You Have to Water the Plant
by Leland Stowe
For the things I believe in, I must give a reporter’s answer. Like everyone else, it’s out of my own experience. For twenty-four years I’ve been up to my neck in the world’s troubles; meeting people in dozens of foreign countries; watching other nations drift into war—and America too. It’s convinced me that one of the most important things in life, for every one of us, is understanding—trying to see the other fellow’s point of view. I’ve often thought: If I could really put myself in the other person’s shoes, see things the way he sees them, feel what he feels, how much more tolerant and fair I’d be.
I remember, back in the twenties, the bitter arguments between Europeans and Americans about reducing the war debts. I had to explain what the Europeans felt, and why. I learned then that there’s almost always some right, and some wrong, on both sides. We didn’t think enough about ours. When lack of understanding becomes pronounced, it leads to hatred and war. But it’s like that in our daily life, too. If I talk disparagingly about any racial group, I promote hatred—dissension in our society. I haven’t thought how I would feel if I belonged to that group.

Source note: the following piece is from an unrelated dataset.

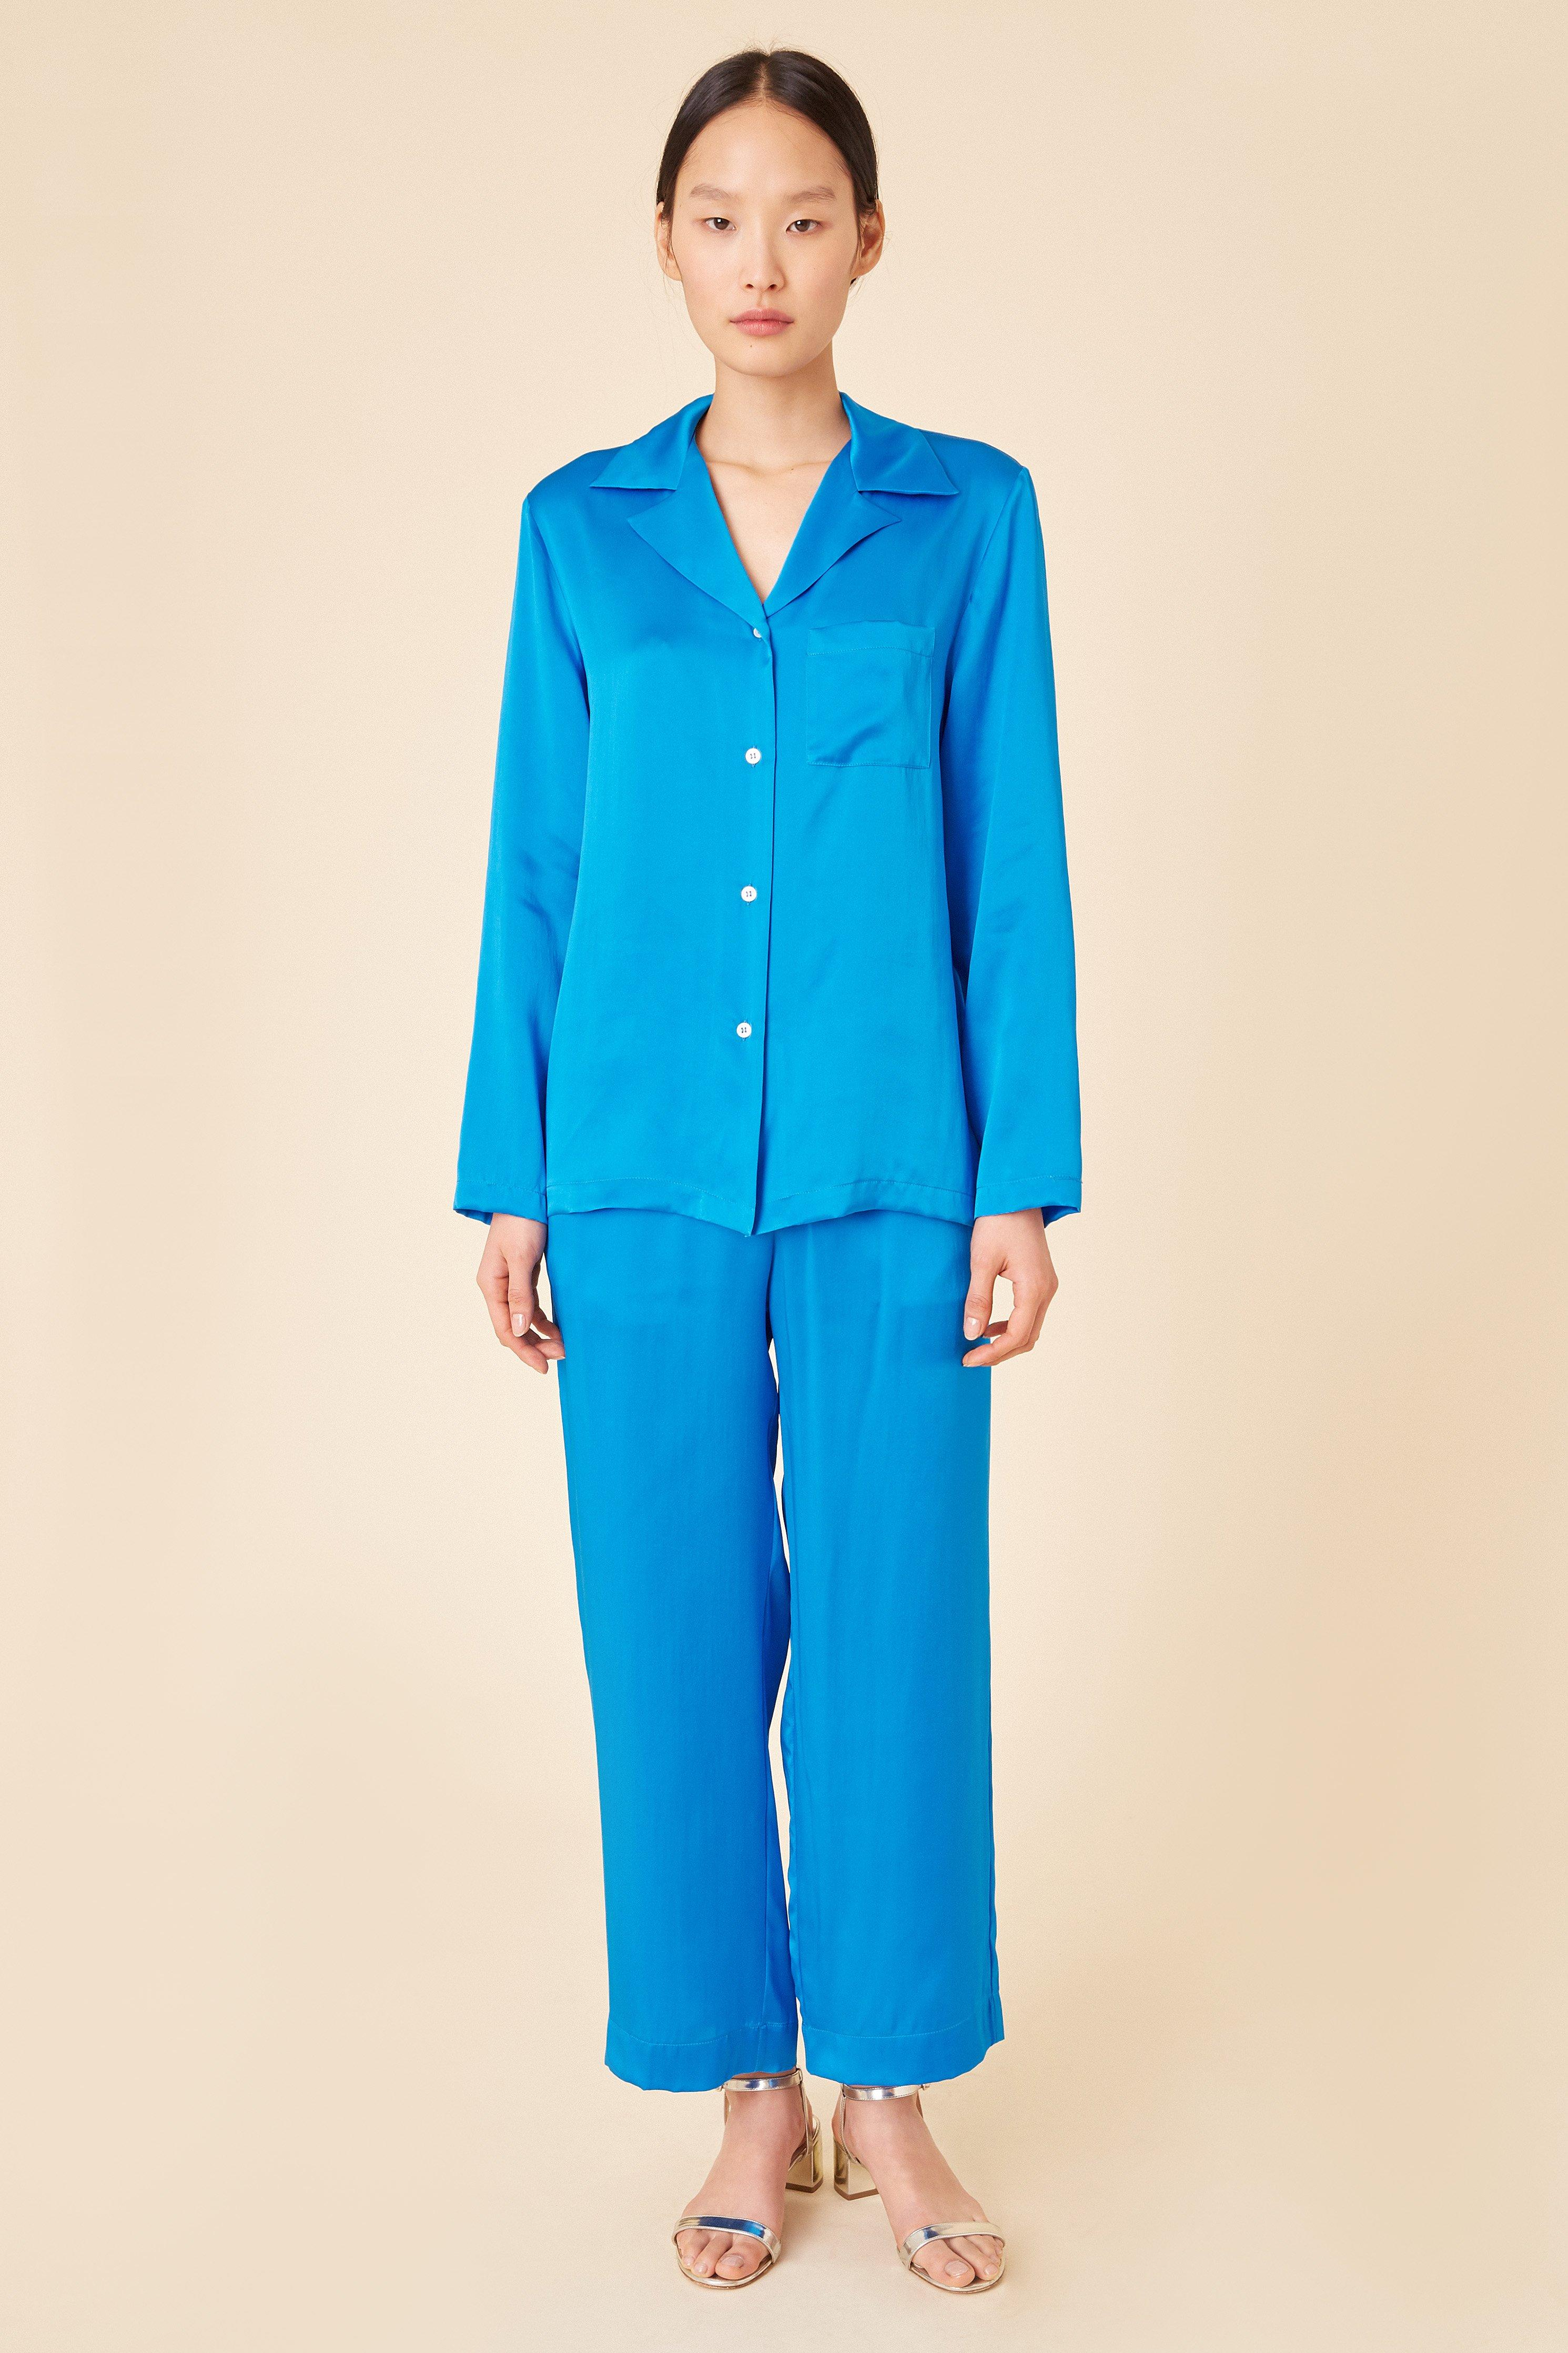 b309815e8c1e3 Lyst - Mansur Gavriel Silk Charmeuse Pajama Shirt - Royal in Blue
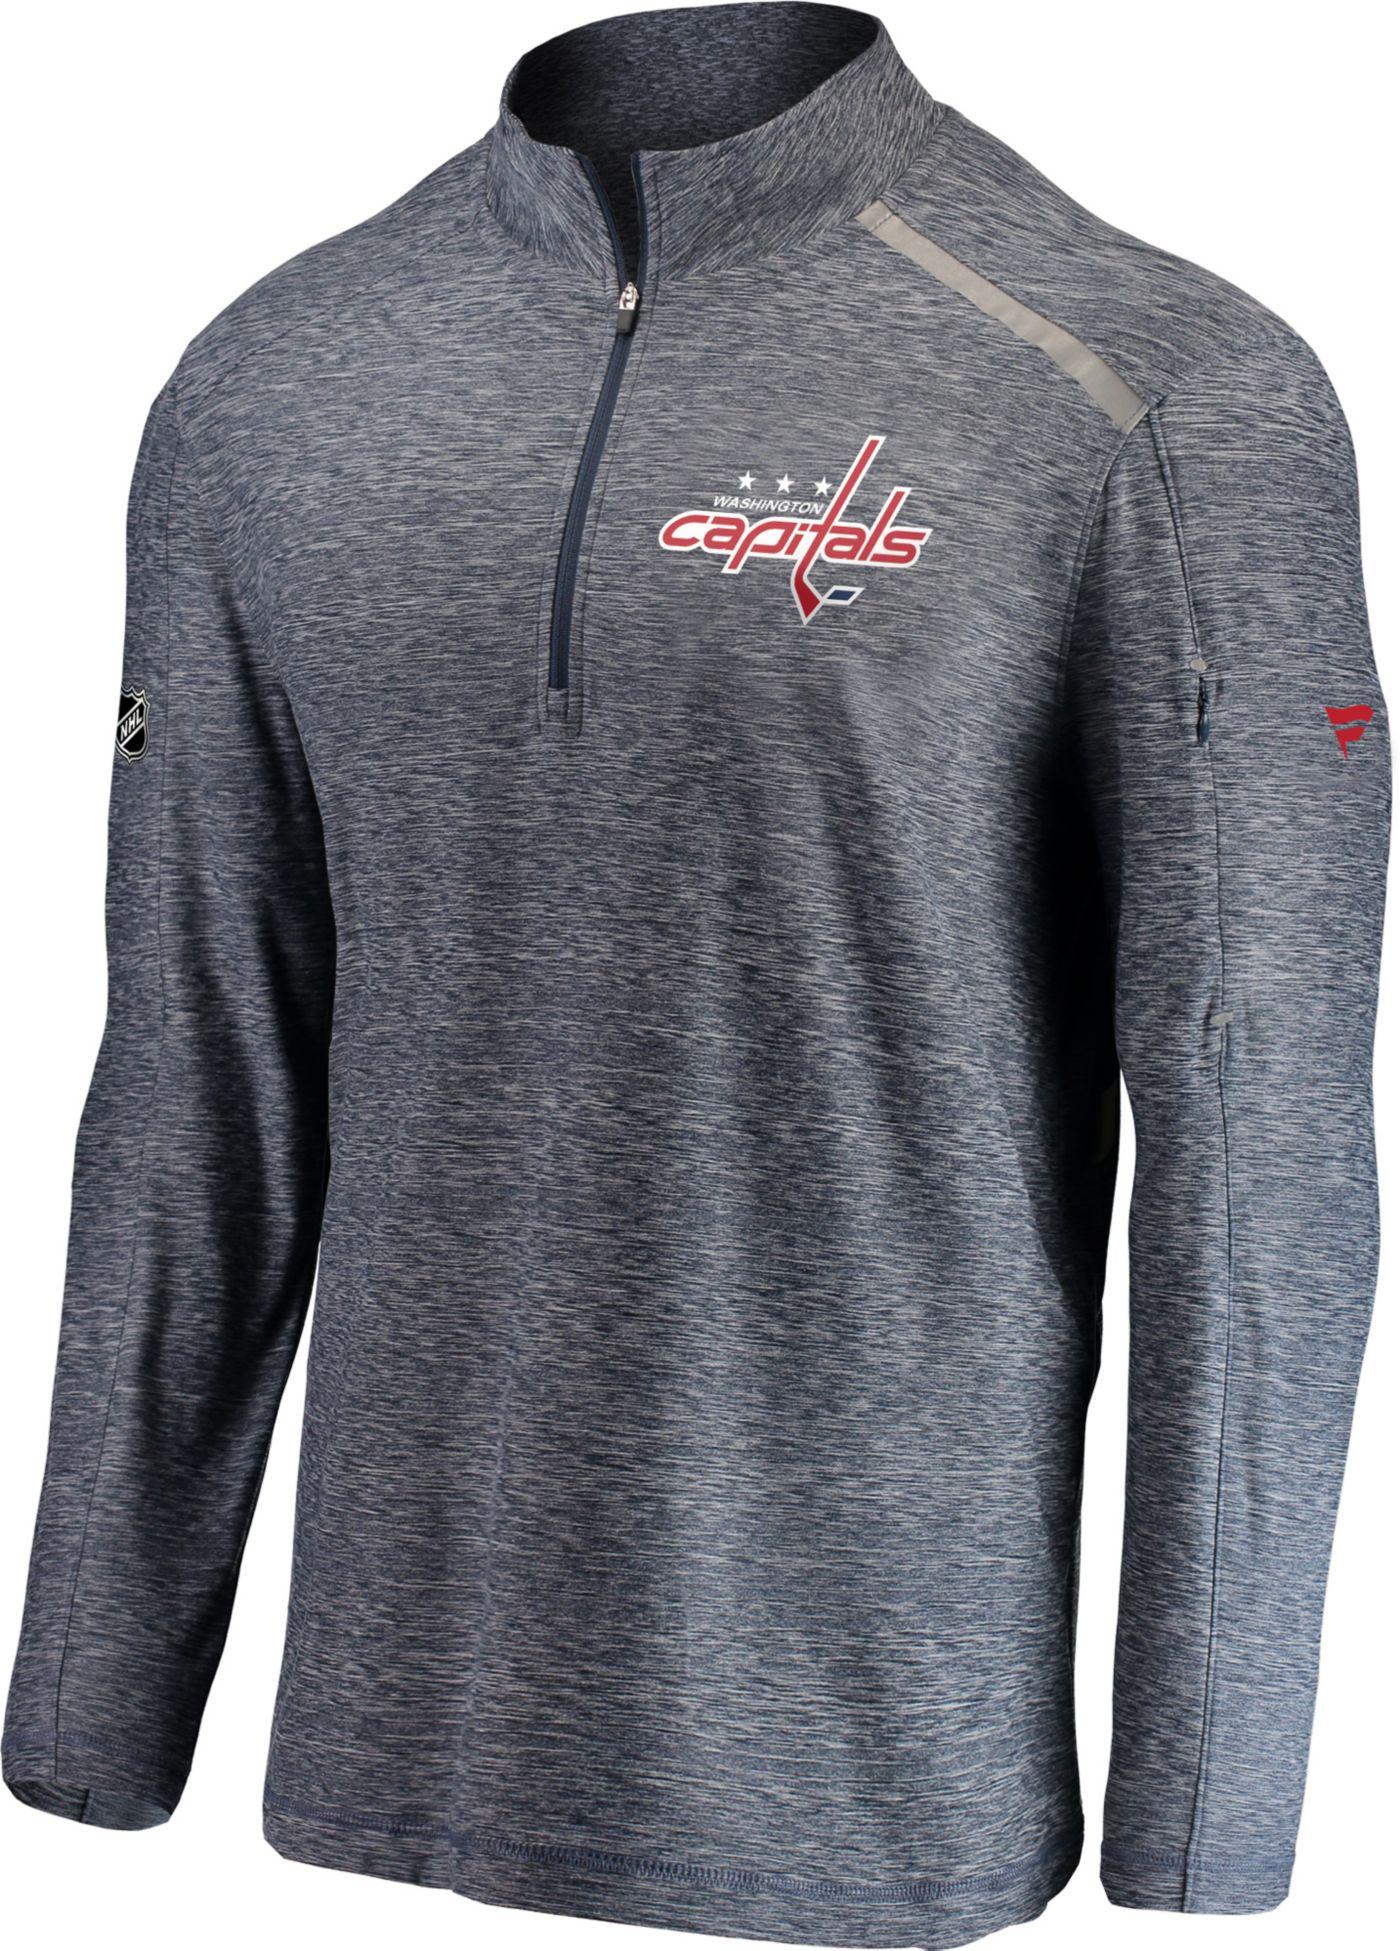 NHL Men's Washington Capitals Authentic Pro Clutch Navy Heathered Quarter-Zip Pullover

In Berlin I saw Hitler’s thugs beating up helpless Jews. Then, back home, sometimes I heard people say: “Well, it’s their affair.” They forgot that freedom and fair play belong to all human beings—not to lucky Americans only. They forgot that people are people—of whatever creed, color, or nationality. I remember the poor Spanish and Greek peasants who shared their bread and cheese with me—all they had; the old Russian woman who made me take her bed, while she slept on the floor. So many simple people who couldn’t speak my language but spoke with their hearts.
One of the happiest things in my life is this: My best friends are like a roster of the United Nations—Europeans, Asians, Latin Americans, North Americans—just people, from all over the world. The best part is discovering how much we have in common; the constant reminder that friendship has no national barriers, the knowledge that all kinds of people really can understand each other.
We all have to live in this world, but we are all a mixture of good and bad. But I’ve found more of the good than the bad in most people—in every country. I think you only have to look— Understanding is a flower blossoming. But you have to water the plant. Then, when it blossoms, what a wonderful feeling! You feel that way when you make a new friend. I guess understanding really is charity and love. I know it gives a new meaning to our lives. When I die, I wish people might say: “He helped people to understand each other better.” Of course, I often fail. But just trying makes living seem worthwhile.